Unincorporated area in Pennsylvania, U.S.

Mortonville is an unincorporated area and historic hamlet in Chester County, Pennsylvania, United States, situated on the eastern bank of the West Branch Brandywine Creek. It consists of approximately one-half dozen structures, two of which are on the National Register of Historic Places: the Mortonville Hotel, and the 12.5 ft "Bridge in East Fallowfield Township" which crosses a mill race a few feet east of a larger bridge. The larger bridge, known as the Mortonville Bridge, was also listed on the NRHP until 2010, when it was delisted following a renovation. The two bridges are in East Fallowfield Township, while most other structures are in Newlin Township.

==History==

The hamlet was founded between 1767 and 1772 by Thomas Hayes, who erected a grist mill and sawmill where the Strasburg Road crossed the creek, on the east bank. He sold his land and the mills to John Worth in 1772; John's son Thomas built a house on the north side of the road (across from the mills) in 1796.

Sketchley and Elizabeth Morton, a couple from Springfield Township, Delaware County, Pennsylvania, bought the former Worth property on April 1, 1840. (Morton, Pennsylvania was named after Sketchley.) The land was soon transferred to their grandson, Crosby P. Morton, who founded Mortonville. In 1849, he turned the Worth house into the Mortonville Hotel (although he was unable to obtain a tavern license for it, a necessity for serving alcohol) and built a wheelwright shop nearby, on the south side of the road. He leased the hotel to Isaac Parsons in 1850; Parsons obtained a tavern license, but vacated in 1851, leaving the hotel up for lease. It was described in his advertisement as serving both stock-drovers along the Strasburg Road and other travellers. Ultimately, it was rented to Hansen Thornbury. In the meantime, Morton erected a general store next to the wheelwright shop, but both the store and the mills were up for rent by the end of 1851, the tenants having vacated.
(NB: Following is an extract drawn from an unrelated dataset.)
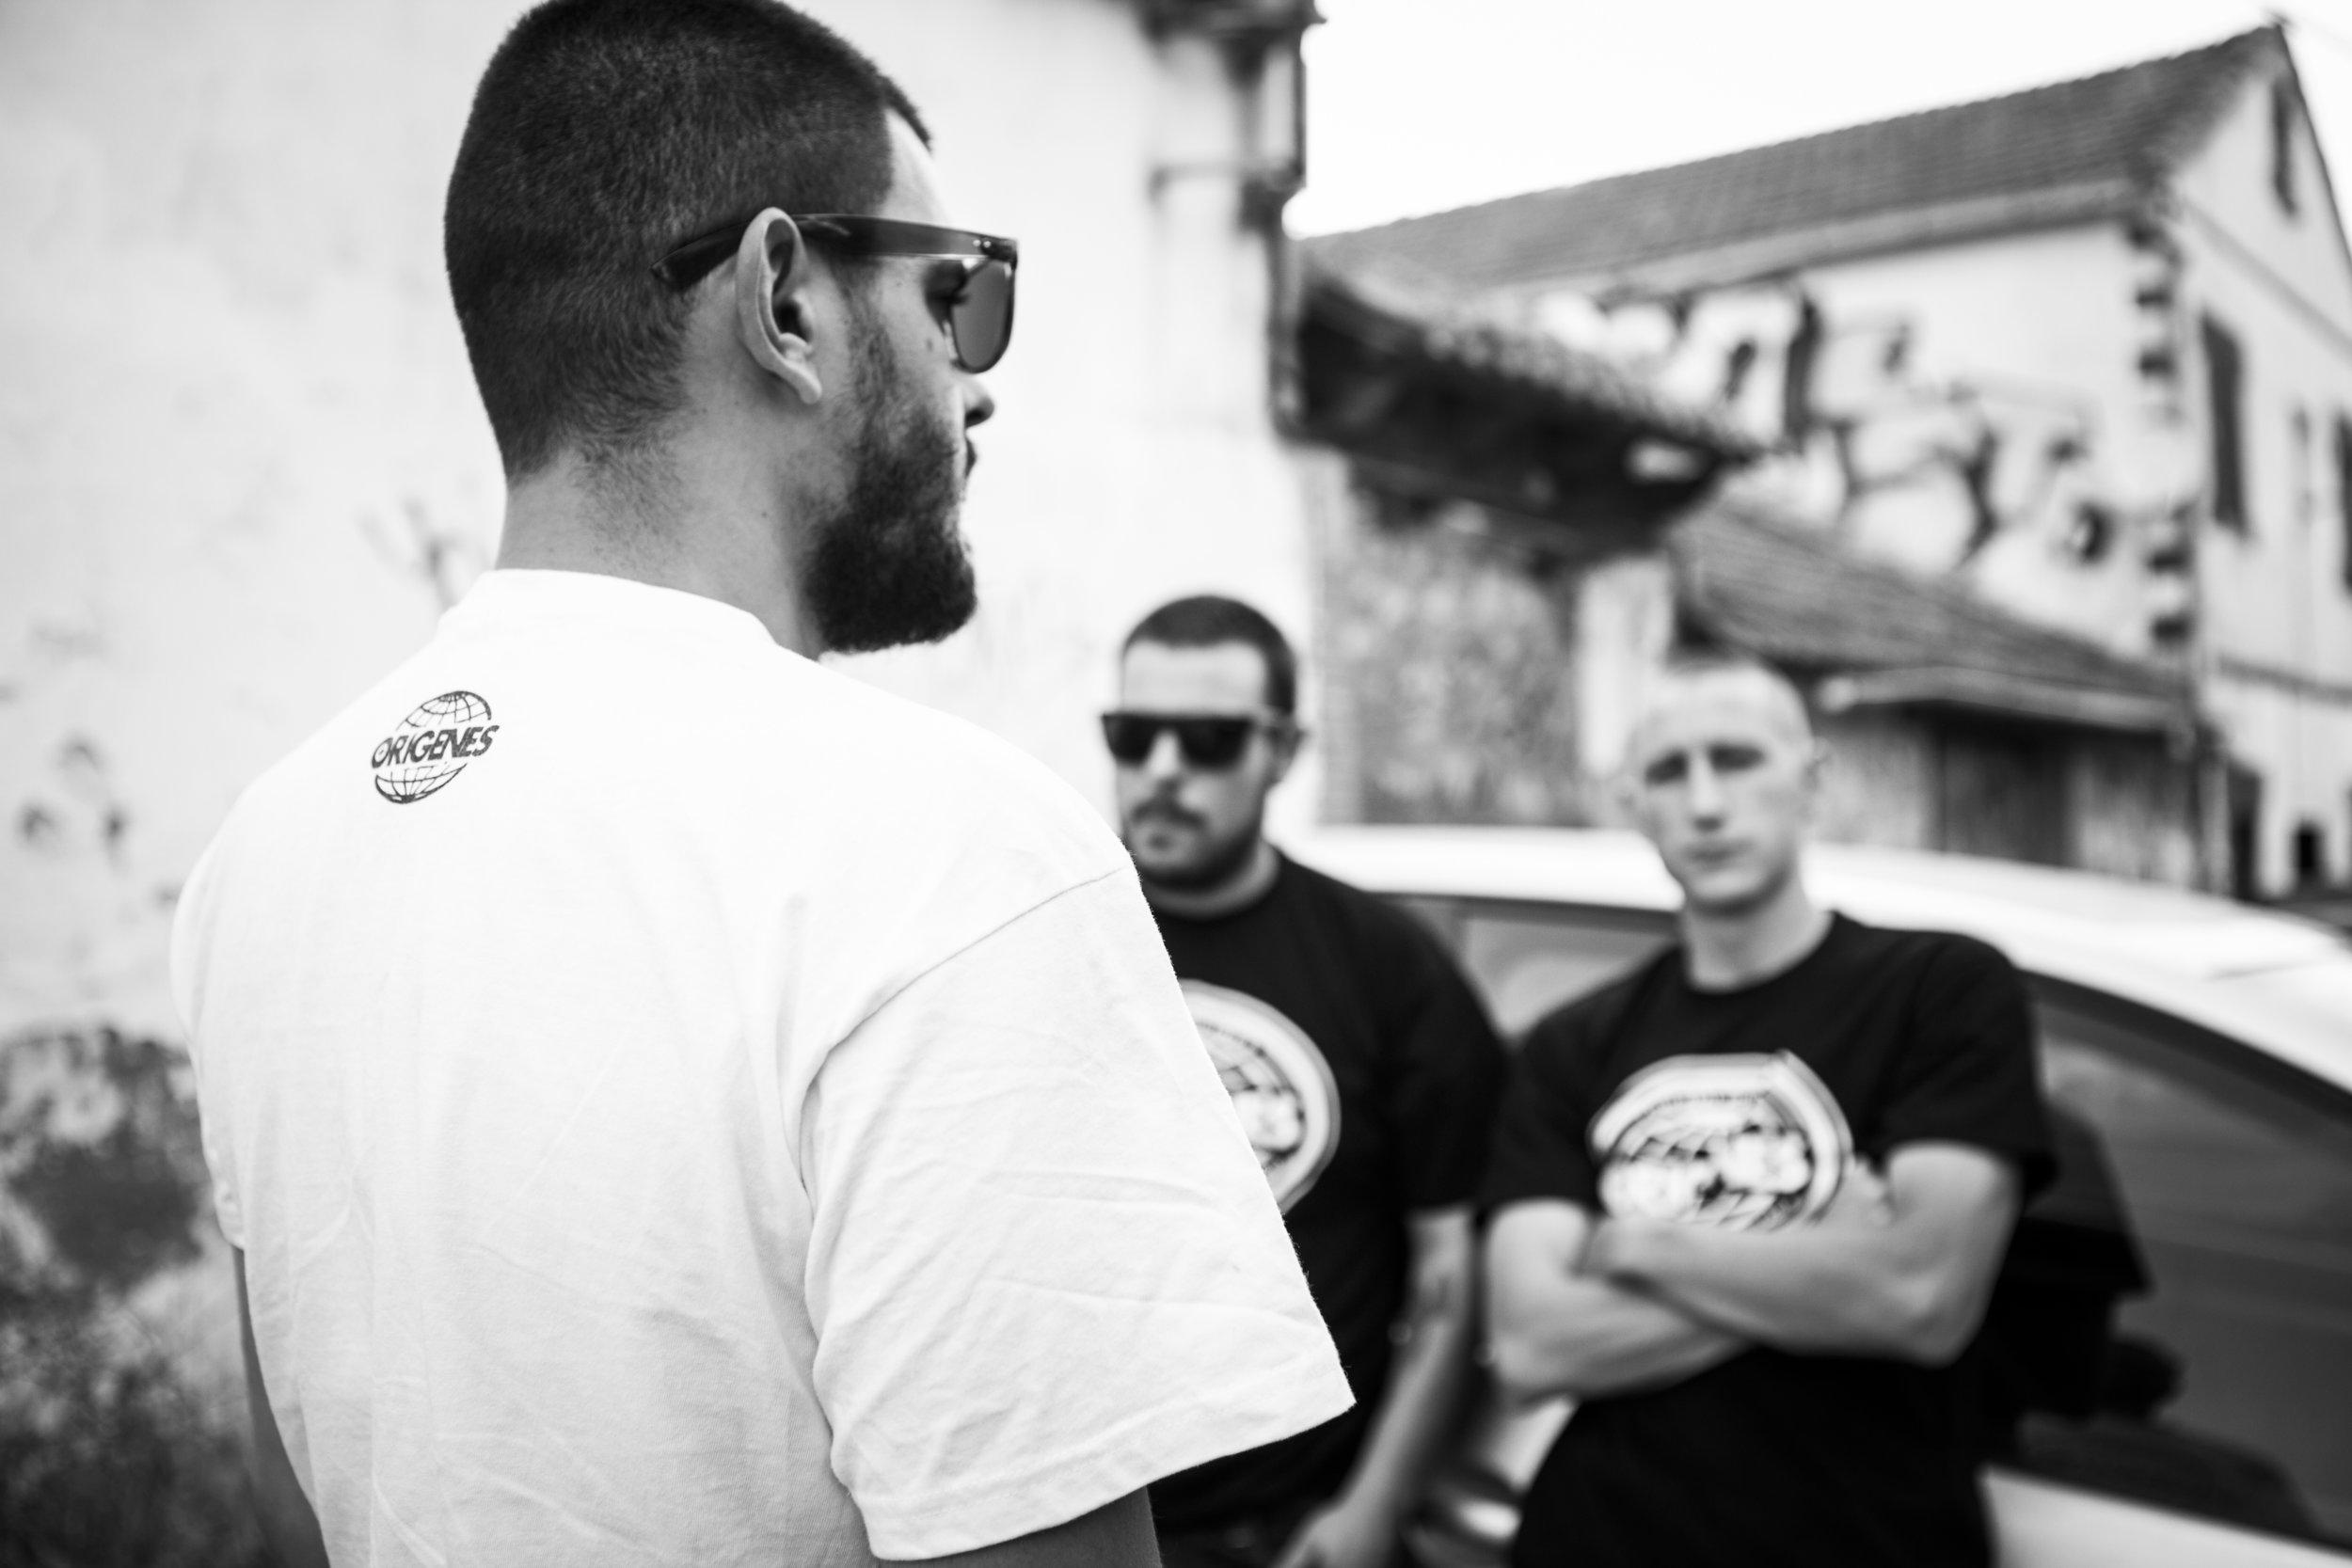 Oscar-arribas-photography-fotografo-reportaje-origenes-rap-hiphop-hip-hop-burgos-victor-rutty-viti-hurto-rober-rel-pyro-djkaef-kaef-thelouk-the-louk-portrait-retrato-editorial-music-band-musicos-street-real-71.jpg

On February 6, 1852, a post office was opened in Mortonville, with Morton as postmaster. He obtained Francis R. Hickman as a tenant for the store and wheelwright shop, but he went bankrupt in 1852, leaving them vacant again. In 1853, Robert Smith took over the hotel from Thornbury, but did not obtain a tavern license. In the middle of the year, Morton abruptly moved to Philadelphia, leaving the storekeeper, John C. Ely, to take over the postoffice. He and his wife Sarah sold all their holdings to Joshua N. Pierce, of Embreeville on March 31, 1854 and never returned to the town that bears their name.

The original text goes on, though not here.